Рассказы -
Хулио Кортасар
Шаги по следам
Довольно заурядная история – скорее в стиле упражнения, чем упражнение в стиле, – поведанная, скажем, каким-нибудь Генри Джеймсом, который посасывал бы мате в патио Буэнос-Айреса или Ла-Платы двадцатых годов.
Хорхе Фрага уже переступил порог своего сорокалетия, когда у него созрело решение изучить жизнь и творчество поэта Клаудио Ромеро.

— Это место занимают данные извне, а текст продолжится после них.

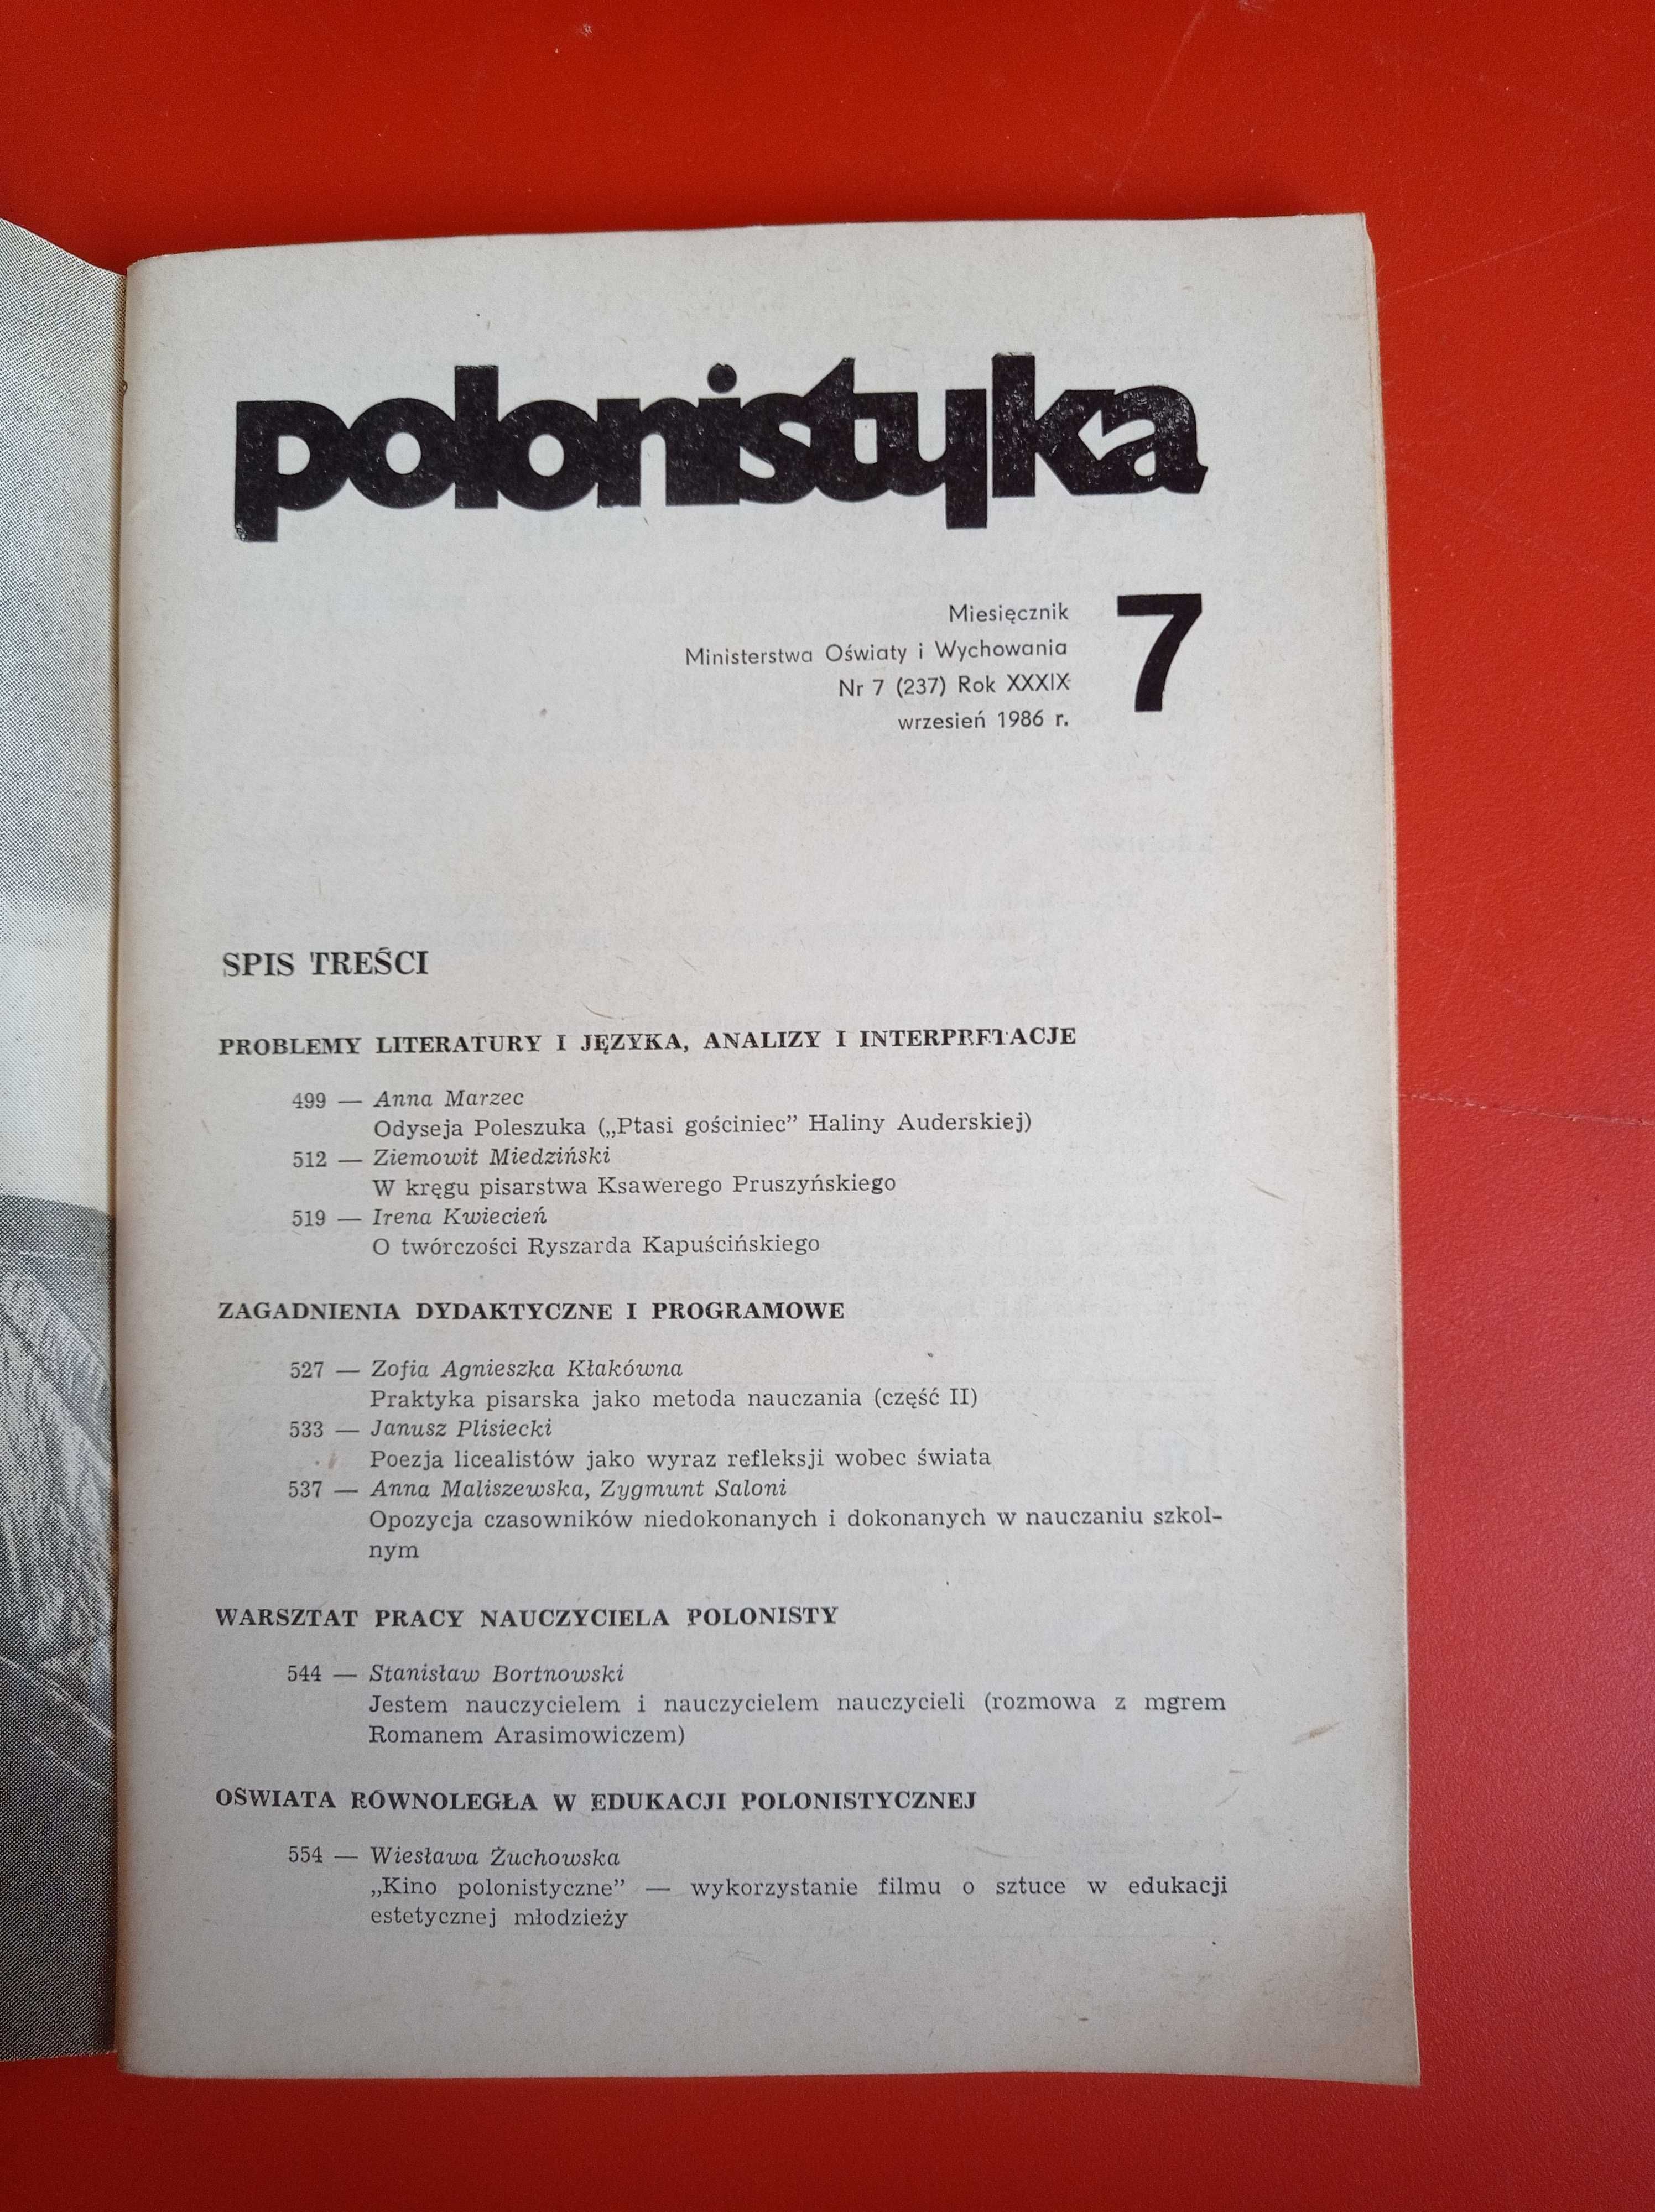 Polonistyka nr 7 (237) wrzesień 1986, WSiP

Мысль эта зародилась у Фраги во время одной из бесед с друзьями в кафе, где все снова сошлись во мнении, что о Ромеро как личности до сих пор почти ничего не известно: автор трех книг, все еще вызывавших восхищение и зависть и принесших ему шумный, хотя и непродолжительный успех в начале нашего века, поэт Ромеро как бы сливался с собственными поэтическими образами и не оставил заметного следа в литературоведческих, а тем более в иконографических трудах своей эпохи. Кроме в меру хвалебных рецензий в журналах того времени и одной книжки неизвестного энтузиаста-учителя из провинции Санта-Фе, чье упоение лирикой не оставляло места трезвым умозаключениям, ничего не было написано о жизни и деятельности поэта. Отрывочные сведения, туманные фотографии, а все остальное – досужие выдумки завсегдатаев литературных вечеров или краткие панегирики в антологиях случайных издателей. Но внимание Фраги привлекал тот факт, что многие продолжали зачитываться стихами Ромеро так же, как зачитывались, до умопомрачения, стихами Карриего или Альфонсины Сторни. Сам Фрага открыл для себя поэзию Ромеро еще на школьной скамье, и, несмотря на все усилия эпигонов с их нравоучительным тоном и затасканными образами, поэмы «певца Рио-Платы» оставались для него таким же незабываемым впечатлением юности, как Альмафуэрте или Карлос де ла Пуа . Однако лишь много позже, став уже довольно известным критиком и очеркистом, Фрага серьезно заинтересовался творчеством Ромеро и пришел к выводу, что почти ничего не знает о его человеческих переживаниях, возможно, еще более глубоких и тонких, чем его творения. От стихов других хороших поэтов начала века стихи Клаудио Ромеро отличались особой доверительностью тона, задушевностью, сразу же привлекавшей к себе сердца молодых, которые по горло были сыты пустозвонством и велеречивостью. Правда, во время бесед о поэмах Ромеро с друзьями или учениками Фрага нередко задавался вопросом – не приумножает ли тайна, окутывающая личность поэта, магию этой поэзии, идеалы которой туманны, а истоки неведомы? И всякий раз с досадой убеждался, что, в самом деле, таинственность, незнание человека еще сильнее распаляют страсти почитателей Ромеро, хотя, как бы там ни было, его поэзия была слишком хороша сама по себе, чтобы обнажение ее корней могло умалить ее достоинства.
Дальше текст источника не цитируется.